The allowance for possible loan losses is increased by provisions charged to
expense and recoveries of prior charge-offs, and is reduced by charge-offs. In
establishing the allowance for possible loan losses, management considers, among
other factors, previous loss experience, the performance of individual loans in
relation to contract terms, the size of particular loans, the risk
characteristics of the loan portfolio generally, the current status and credit
standing of borrowers, management's judgment as to prevailing and anticipated
real estate values, other economic conditions in the Corporation's market and
other factors affecting credit quality. Management also evaluates loan
impairment in accordance with SFAS No. 114, "Accounting by Creditors for
Impairment of a Loan" and SFAS No. 118, - "Accounting by Creditors for
Impairment of a Loan - Income Recognition and Disclosure". SFAS No. 114 and SFAS
No. 118 define an impaired loan as a loan where, according to current
information and events, it is unlikely that the creditor will be able to collect
all amounts due according to the contractual terms of the loan agreement.

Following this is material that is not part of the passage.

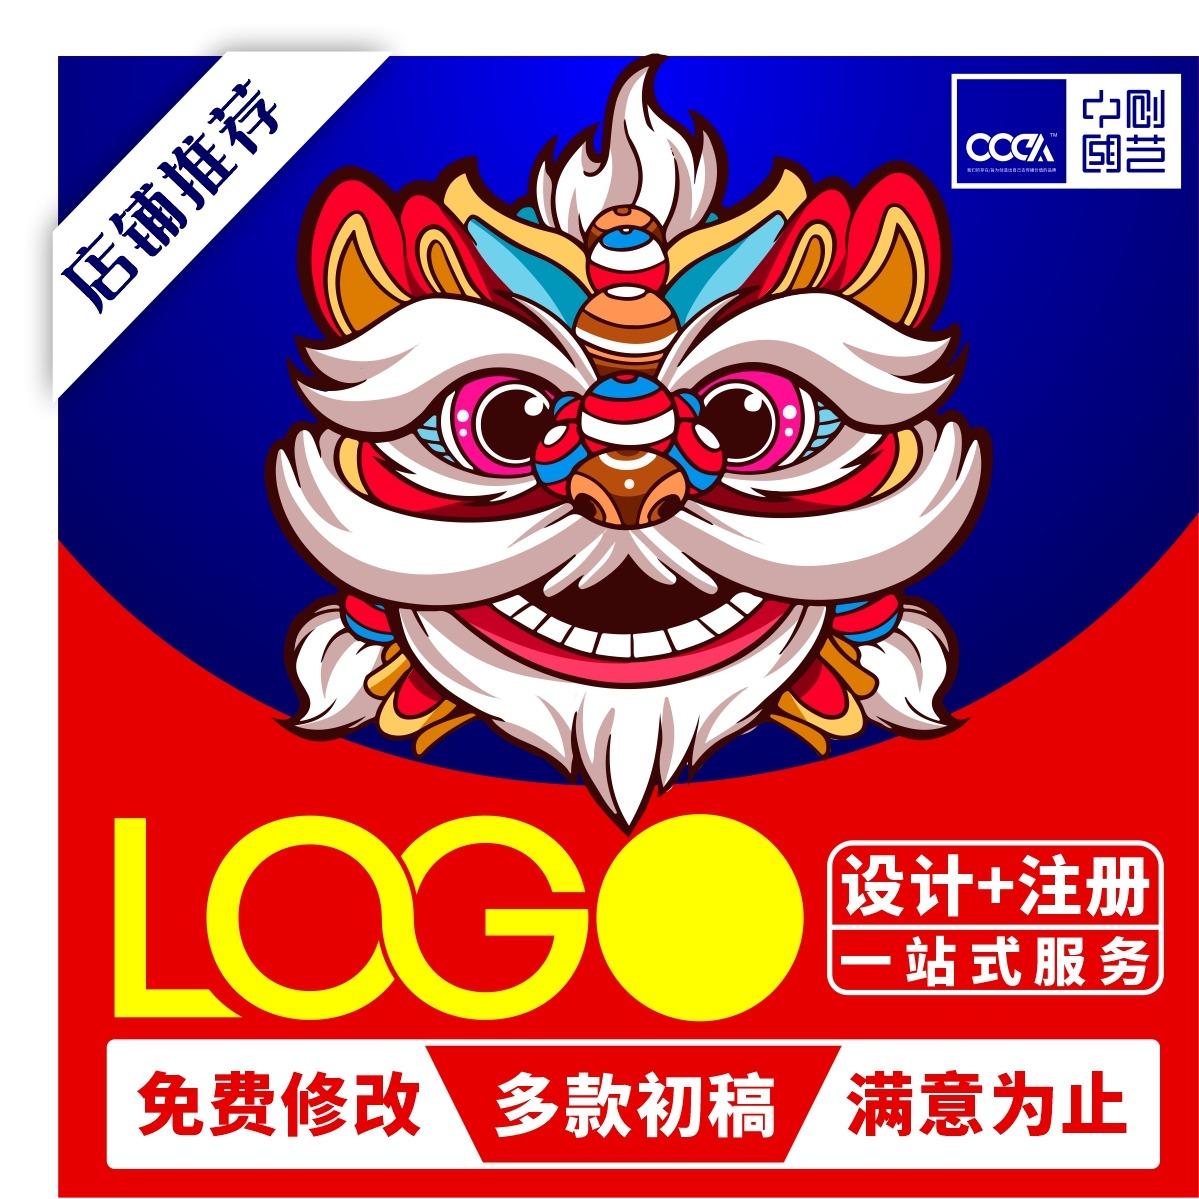 【12H内出方案】公司LOGO设计标志门头图标字体设计广告牌

Impairment can be measured by the present value of expected cash flows (net of
estimated costs to sell) discounted at the loan's effective interest rate or the
fair value of the collateral if the loan is collateral dependent. If the value
of the impaired loan is less than the recorded investment in the loan,
management is required to establish a valuation allowance, or adjust existing
valuation allowances, with a corresponding charge or credit to the provision for
possible loan losses. At March 31, 1997, the Corporation evaluated impairment
under SFAS No. 114 and SFAS No. 118 for those loans that cannot be easily
grouped into homogeneous pools of loans and collectively evaluated for
impairment. These loans are primarily commercial and real estate development
loans which are collateral dependent. The Corporation's impaired loans totaled
$3,099,000 and $2,426,000 at March 31, 1997 and December 31, 1996,
respectively, the amount of its commercial nonaccrual and restructured loan
portfolios on those dates. Management believes the allowance for
possible loan losses at March 31, 1997 of $5.2 million, or 274.7% of
nonperforming loans and 3.2% of total loans, was adequate. Management continues
to actively monitor the Corporation's asset quality and to charge off loans
against the allowance for possible loan losses as it deems appropriate. Although
management believes it uses the best information available to make
determinations with respect to the allowance for possible loan losses, future
adjustments may be necessary if economic conditions differ substantially from
the assumptions used in making the initial determinations.
LIQUIDITY
At March 31, 1997, the Bank's liquid assets consisted of cash and due
from banks of $11.4 million, federal funds sold of $8.8 million and securities
available for sale of $44.5 million.
14
<PAGE> 15
Management deems these amounts to be more than adequate to meet its short-term
cash needs.
The parent company held $2.4 million of cash and cash equivalents at
the Bank at March 31, 1997. Its cash flows from operations are essentially
break-even. These funds are available for general corporate purposes.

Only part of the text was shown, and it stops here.